Differentiable Critical Bandwidth: Silverman's modality test as a differentiable PyTorch layer with IFT backward pass.

Project description

DCB — Differentiable Critical Bandwidth

PyPI License: Apache 2.0 Python 3.9+

A PyTorch package that makes Silverman's critical bandwidth test (1981) fully differentiable, enabling end-to-end gradient-based optimisation over the modal structure of continuous distributions.

Overview

h_crit is the minimum KDE bandwidth at which a distribution appears unimodal — a classical nonparametric statistic for modality testing. DCB replaces every non-differentiable step with a smooth surrogate, then uses the Implicit Function Theorem (IFT) to compute exact gradients through the root-finding step at O(1) memory cost.

import torch
from dcb import DCBLayer, TrainingLayer

X = torch.randn(100_000, requires_grad=True)  # 1D samples, any n from 1K to 1B
layer = DCBLayer()
h_crit = layer(X)       # differentiable scalar
h_crit.backward()       # exact IFT gradients

# For repeated training-loop use with warm-start bracket caching:
layer = TrainingLayer(warm_start=True)
for batch in dataloader:
    h = layer(batch)    # 1.8× faster after first call on CPU; ~10× on CUDA with compile=True

Installation

pip install diffcb

Or from source:

git clone https://github.com/ryZhangHason/differentiable-critical-bandwidth
cd differentiable-critical-bandwidth
pip install -e ".[dev]"

Accuracy vs R's bw.crit

Validated against R's multimode::bw.crit(data, mod0=1) (Hall & York 2001). Same-sample protocol (identical data fed to both Python and R, 3–5 seeds per n):

n Bimodal mean% Bimodal max% Gaussian mean% Gaussian max%
1K 0.002% 0.005% 0.028% 0.053%
5K 0.003% 0.006% 0.107% 0.160%
10K 0.001% 0.005% 0.091% 0.256%
100K 0.004% 0.005% 0.092% 0.400%
1M 0.001% 0.001% 0.045% 0.066%
100M¹ 0.001% 0.001% 0.045% 0.066%
1B¹ 0.001% 0.001% 0.045% 0.066%

¹ n > 1M uses the sketch API (default max_n_exact=1_000_000); accuracy is measured on the 1M sketch vs R on the same sketch. Bimodal data interleaved so every slice is 50/50.

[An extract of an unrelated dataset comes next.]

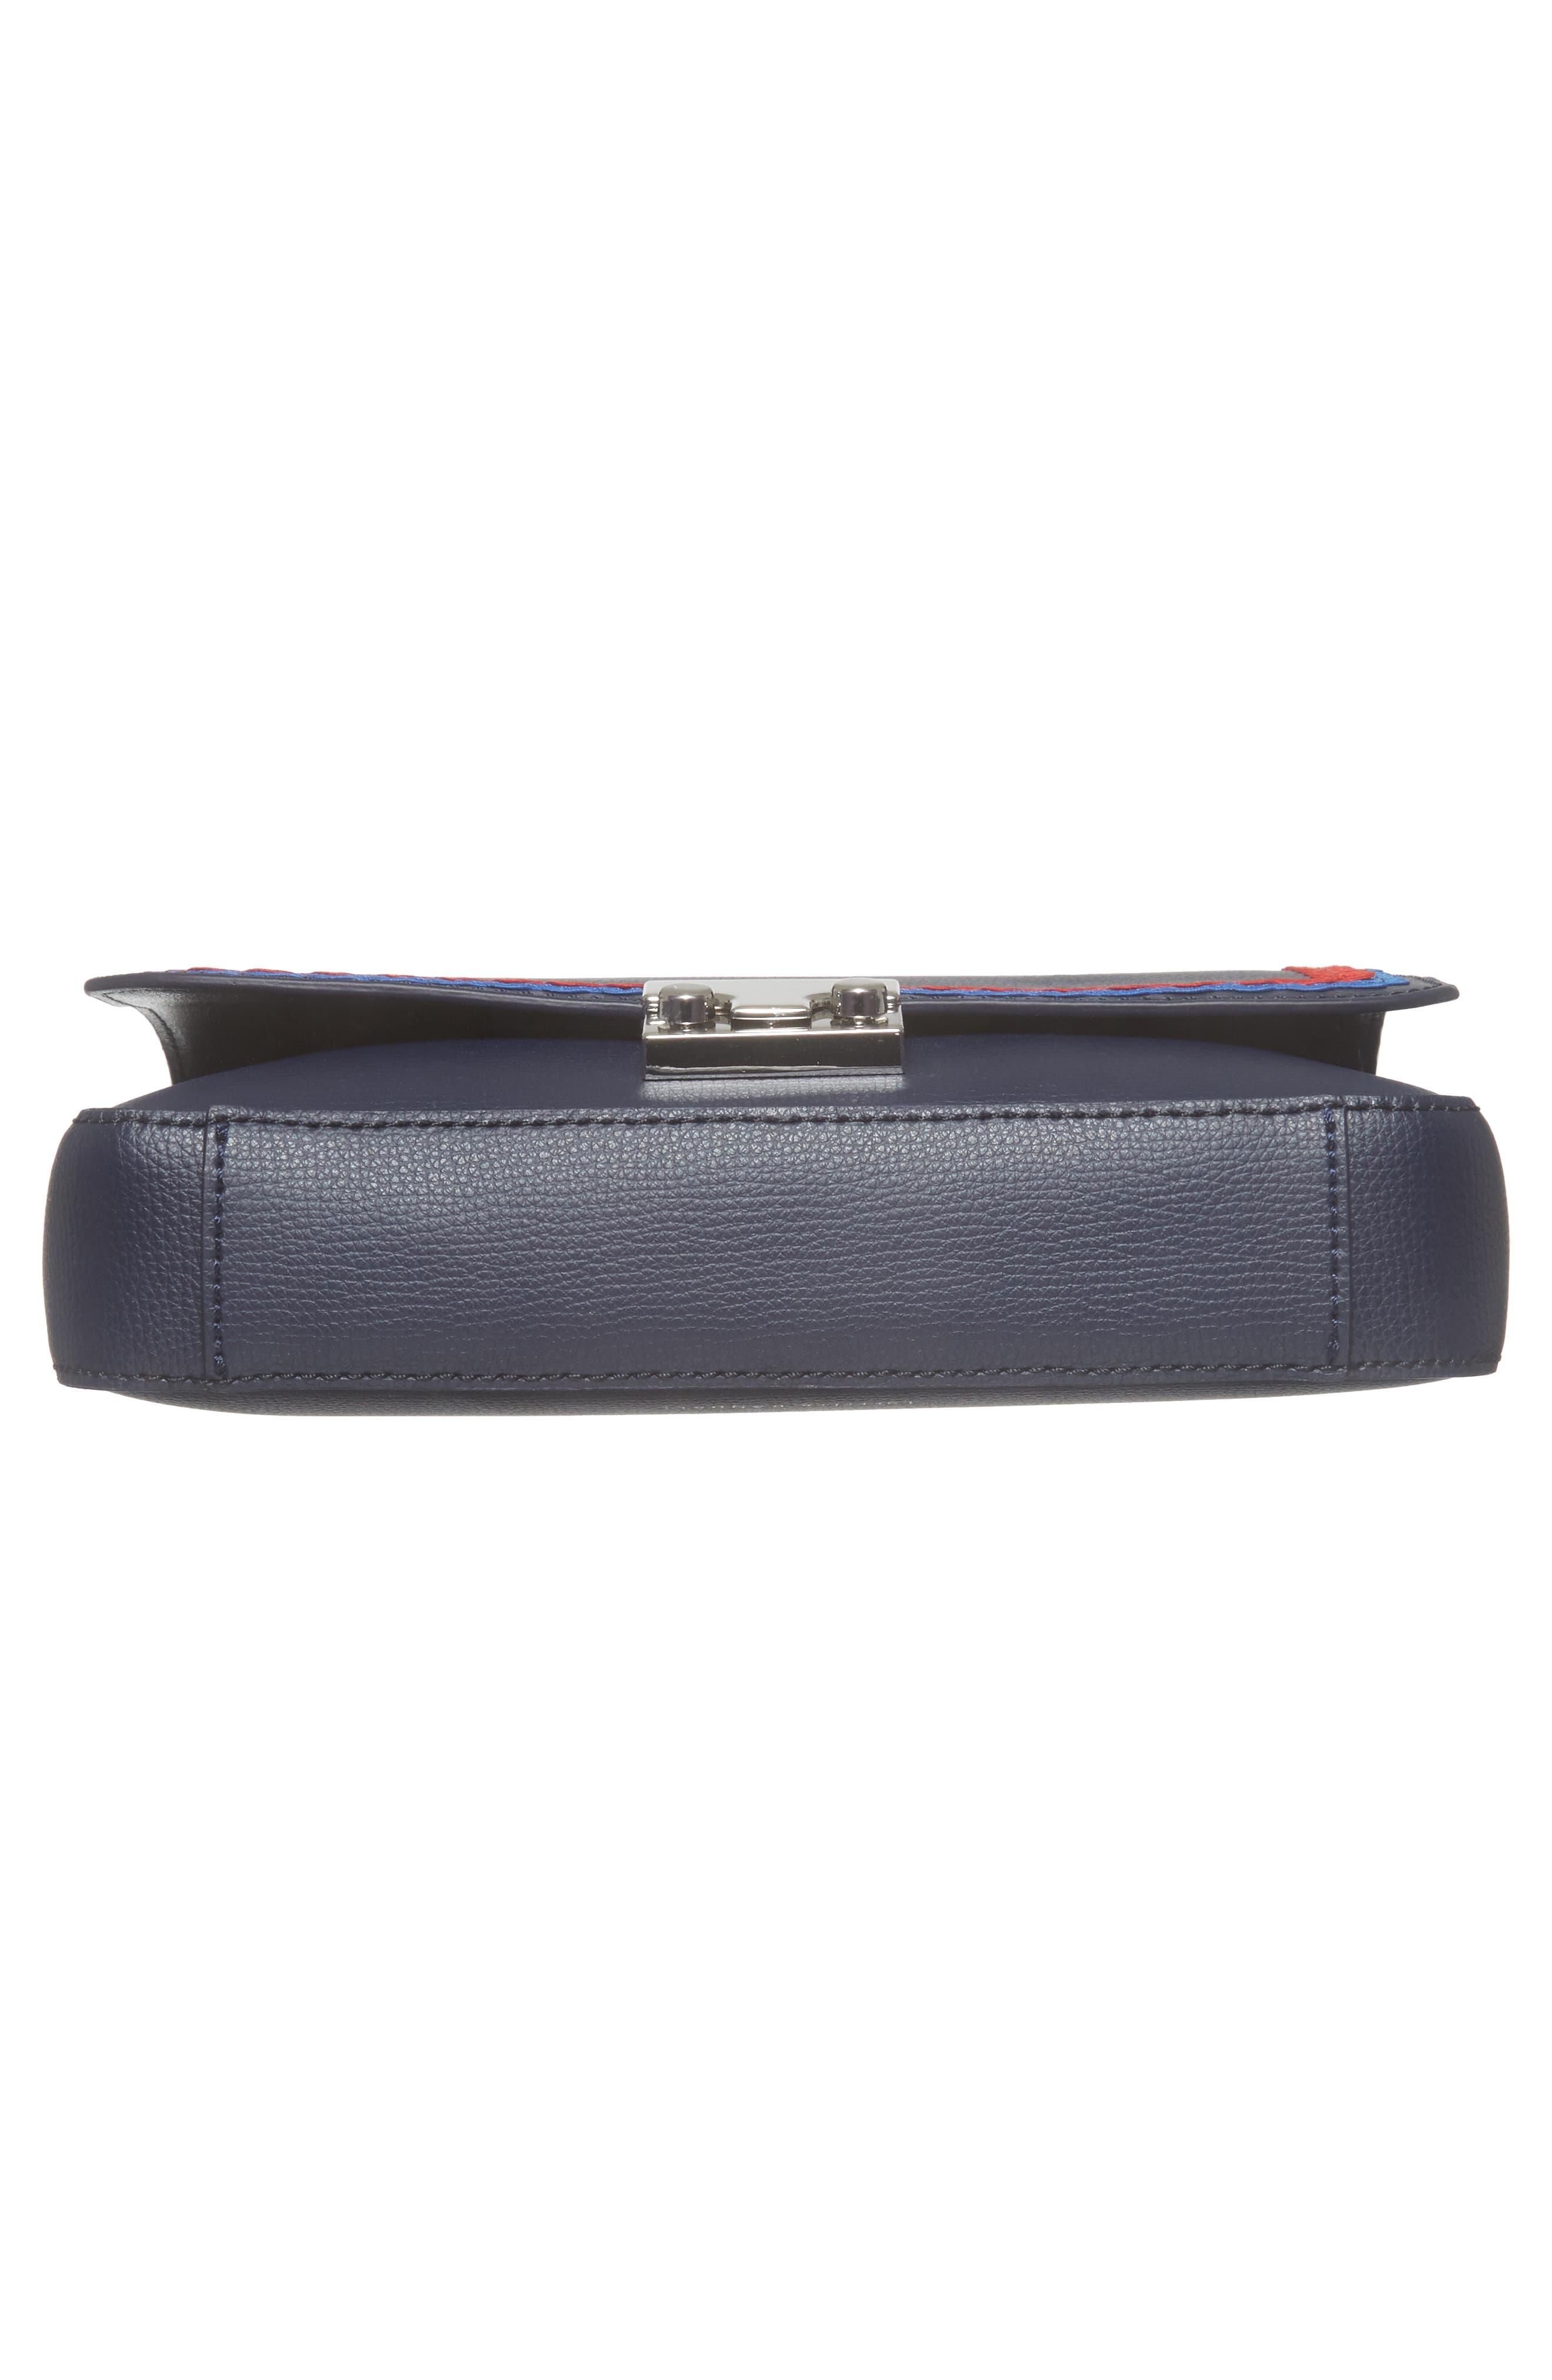 Lock Leather Flap Clutch/Shoulder Bag,                             Alternate thumbnail 6, color,

Distribution note: Bimodal = 0.5·N(−2,1) + 0.5·N(+2,1), h_crit ≈ 1.7. Gaussian = N(0,1), h_crit ~ n^{−1/5} (shrinks with n). Independent-sample error (~0.2–0.5%) reflects sampling variability, not algorithmic error.

Hardware Performance (v0.1.10, CPU Apple M-series)

n t_median (ms) n/s fft_norm_cost¹
1K 443 2.3K 7,112
10K 699 14K 11,222
100K 265 377K 4,258
1M 471 2.1M 7,556
10M (full) 1,146 8.7M 18,387
10M (sketch) 449 22M 7,208
100M (sketch) 504 198M 8,094
1B (sketch) 460 2.17B 7,391

¹ FFT-normalised cost = t_dcb / t_fft_one, where t_fft_one = median time for one rfft(16384, float32) on the same device (0.062 ms, Apple M). Hardware-agnostic metric for cross-chip comparison.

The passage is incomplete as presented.